Octabis Terms and Conditions

These General Terms and Conditions (Terms and Conditions) represent a document governing mutual relations between Octabis and Customer, which sets forth the rights and obligations of the parties in connection with the Secured Transaction.

    1. Octabis buys and Customer sells (with repurchase option) assets owned by the Customer at a price agreed between the parties, hereinafter referred to as the Sale Price. Assets sale and repurchase transaction creates a transaction, where assets bought by the Octabis secure Customer’s obligations to repurchase the assets and duly execute other obligations set forth hereof, hereinafter referred to as the Secured Transaction.

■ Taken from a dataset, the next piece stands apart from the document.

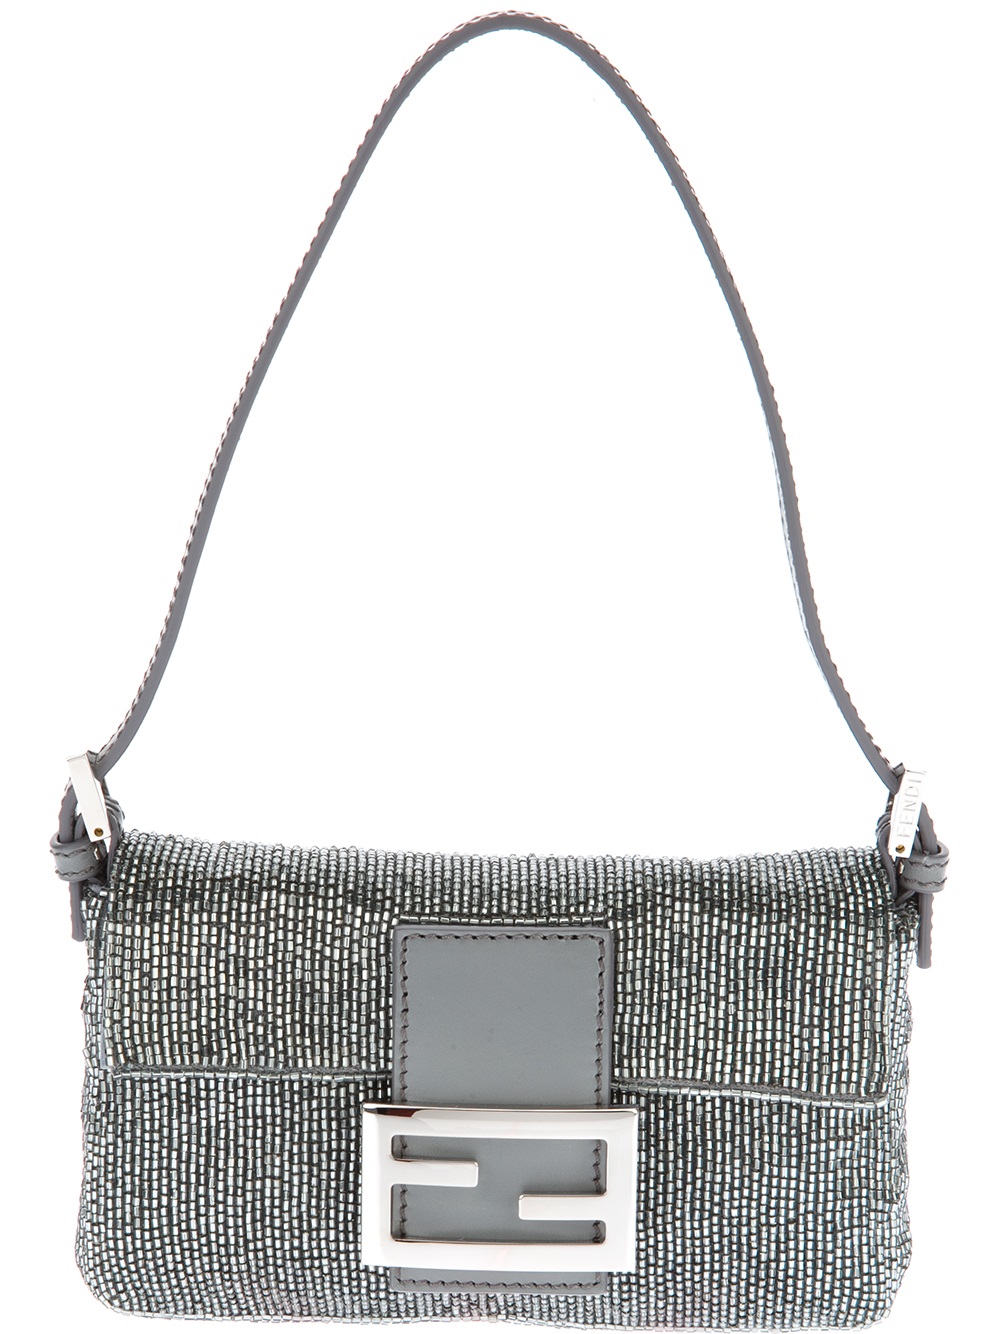 Lyst - Fendi Palladio Baguette Shoulder Bag in Gray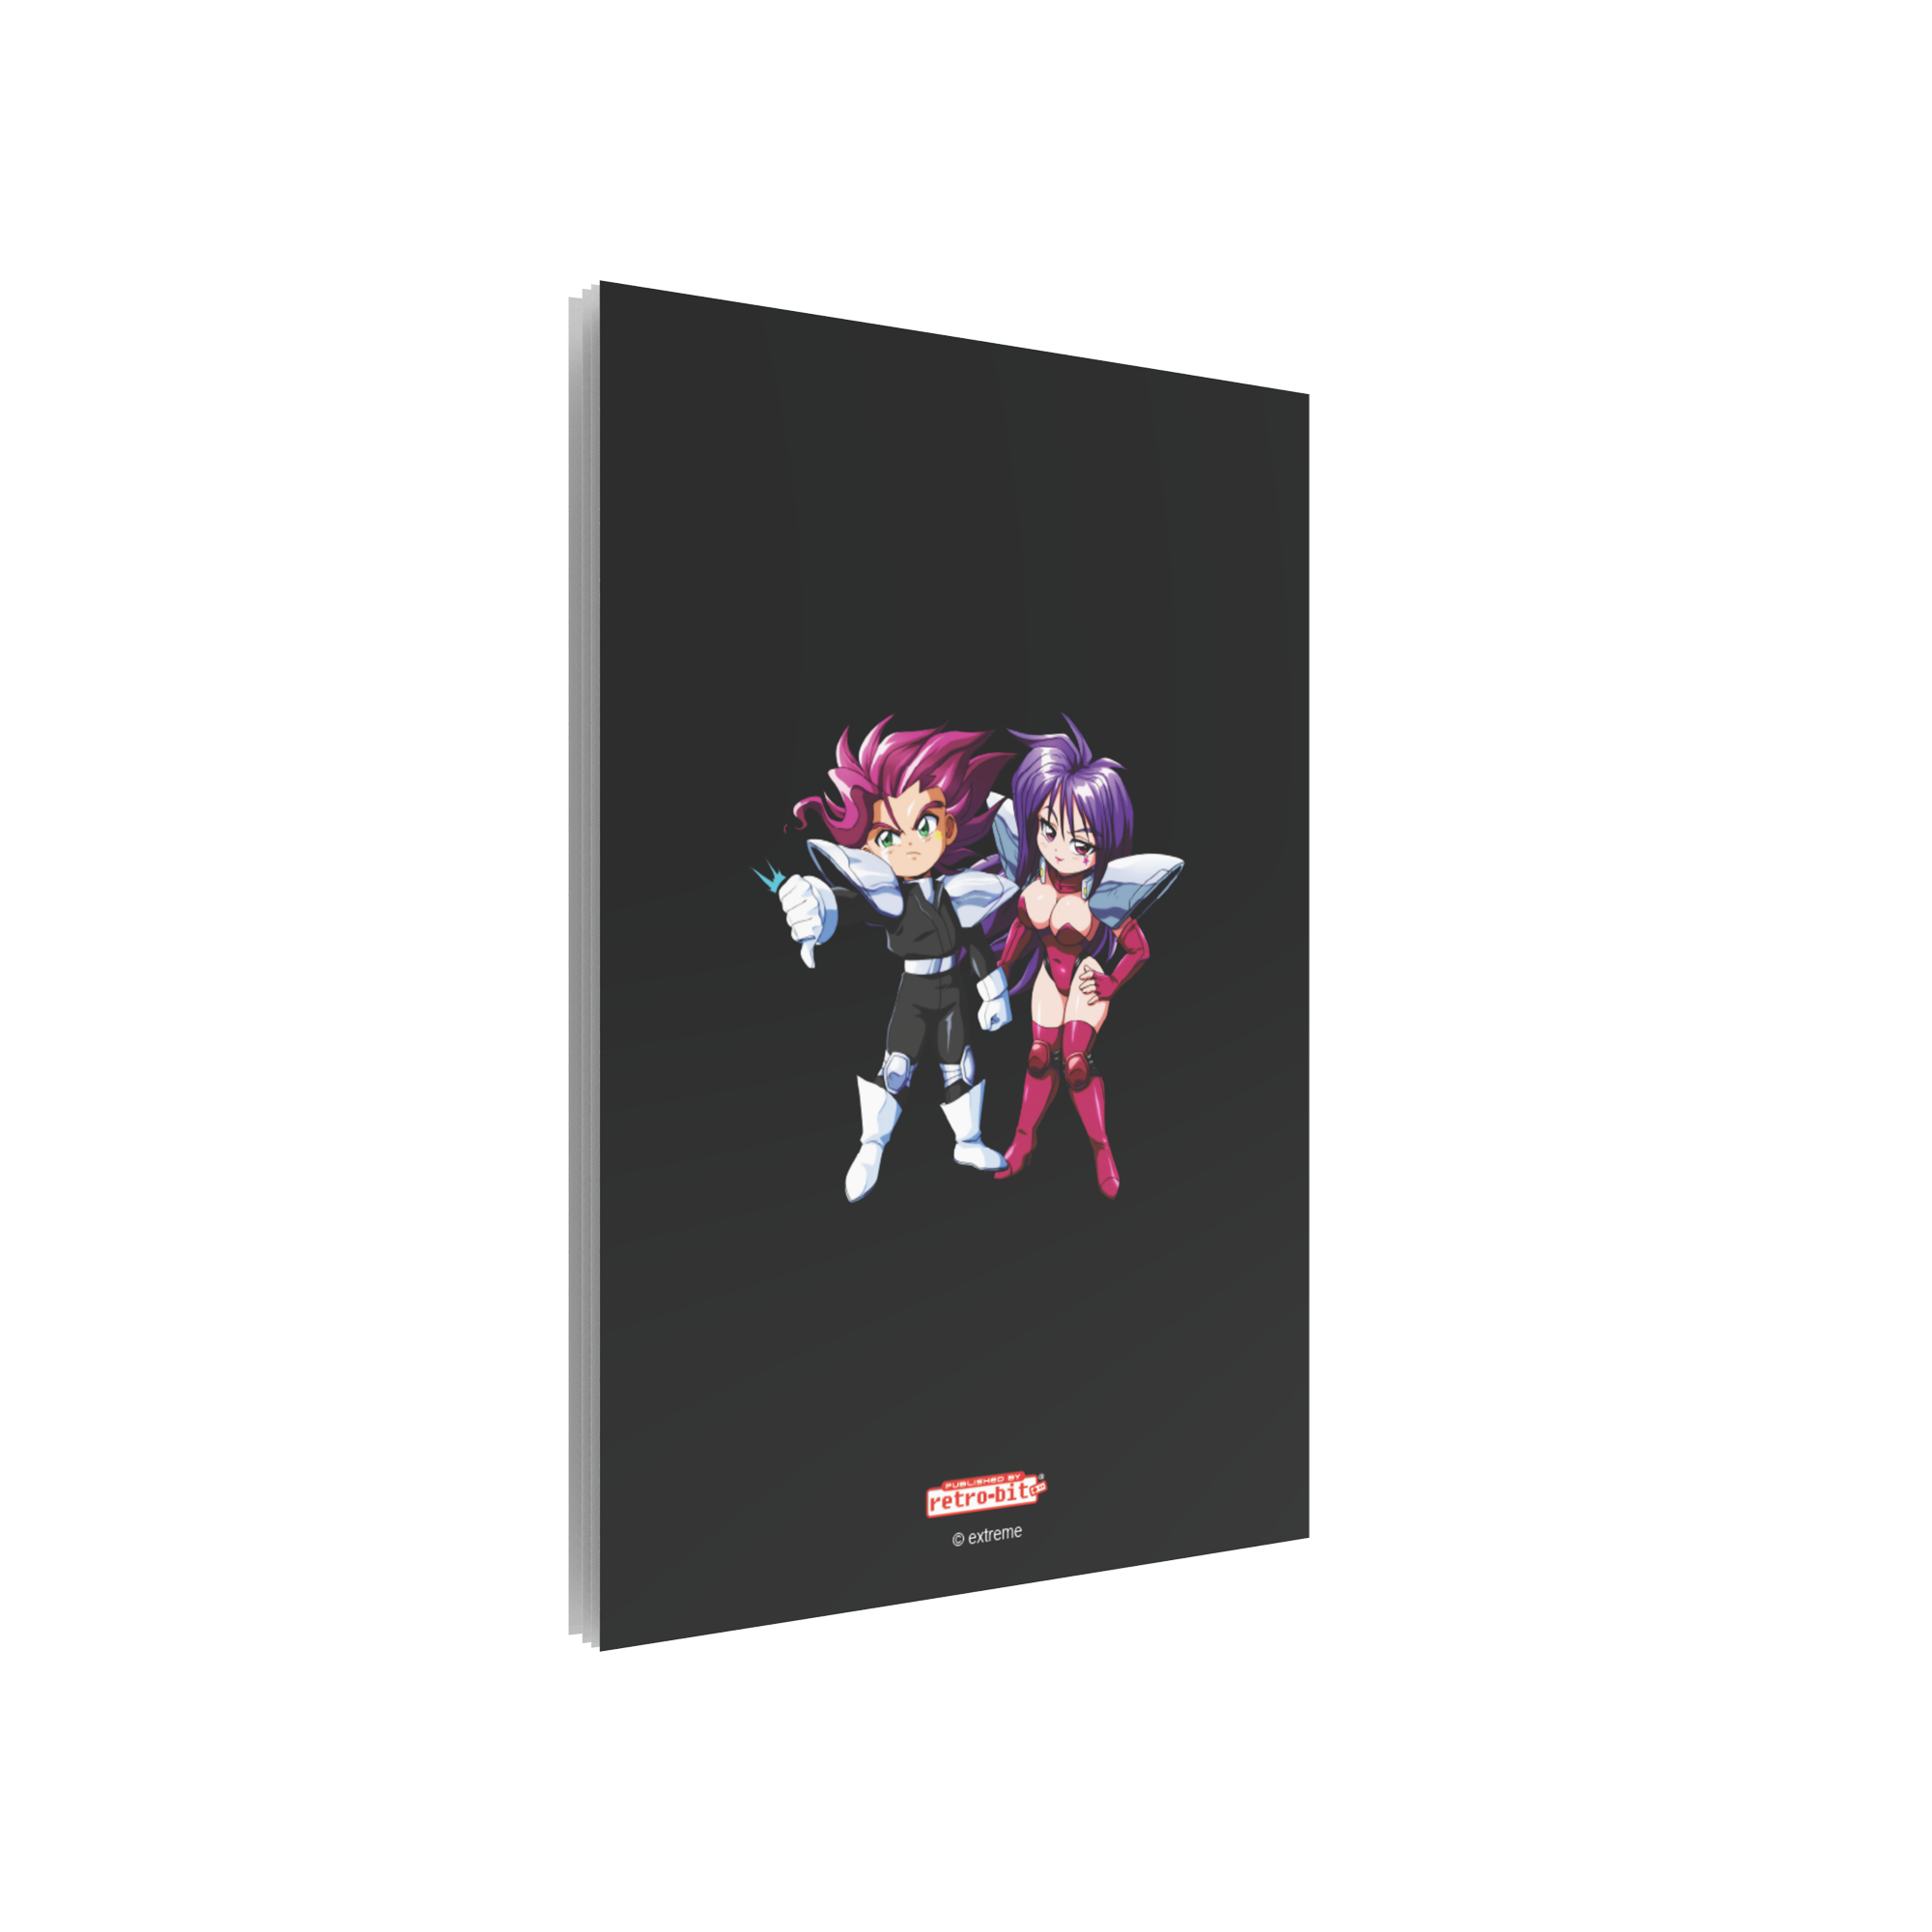 Shockman Zero Collectors Edition SNES PAL (Schibibinman Zero) - PAL Super Nintendo Cartridge - Retro-bit Publishing

    2. Customer may apply Octabis to pay Sale Price in whole or to grant the Customer one or several overdraft facilities. Octabis may grant an overdraft facility upon Customer’s request in a form acceptable to Octabis. Regardless Customer request overdraft facility may be granted only and exclusively on Octabis discretion. Total sum of several overdraft facilities granted to the Customer may not exceed Sale Price (principal).
    3. Each overdraft facility shall be duly recorded on the wallet account statement. Parties irrevocable agreed that and such statement shall be considered as a confirmation and conclusive proof that an overdraft facility has been granted to Customer.
    4. Customer shall for the benefit of Octabis debit into the wallet, opened and hold with Octabis on behalf of Customer.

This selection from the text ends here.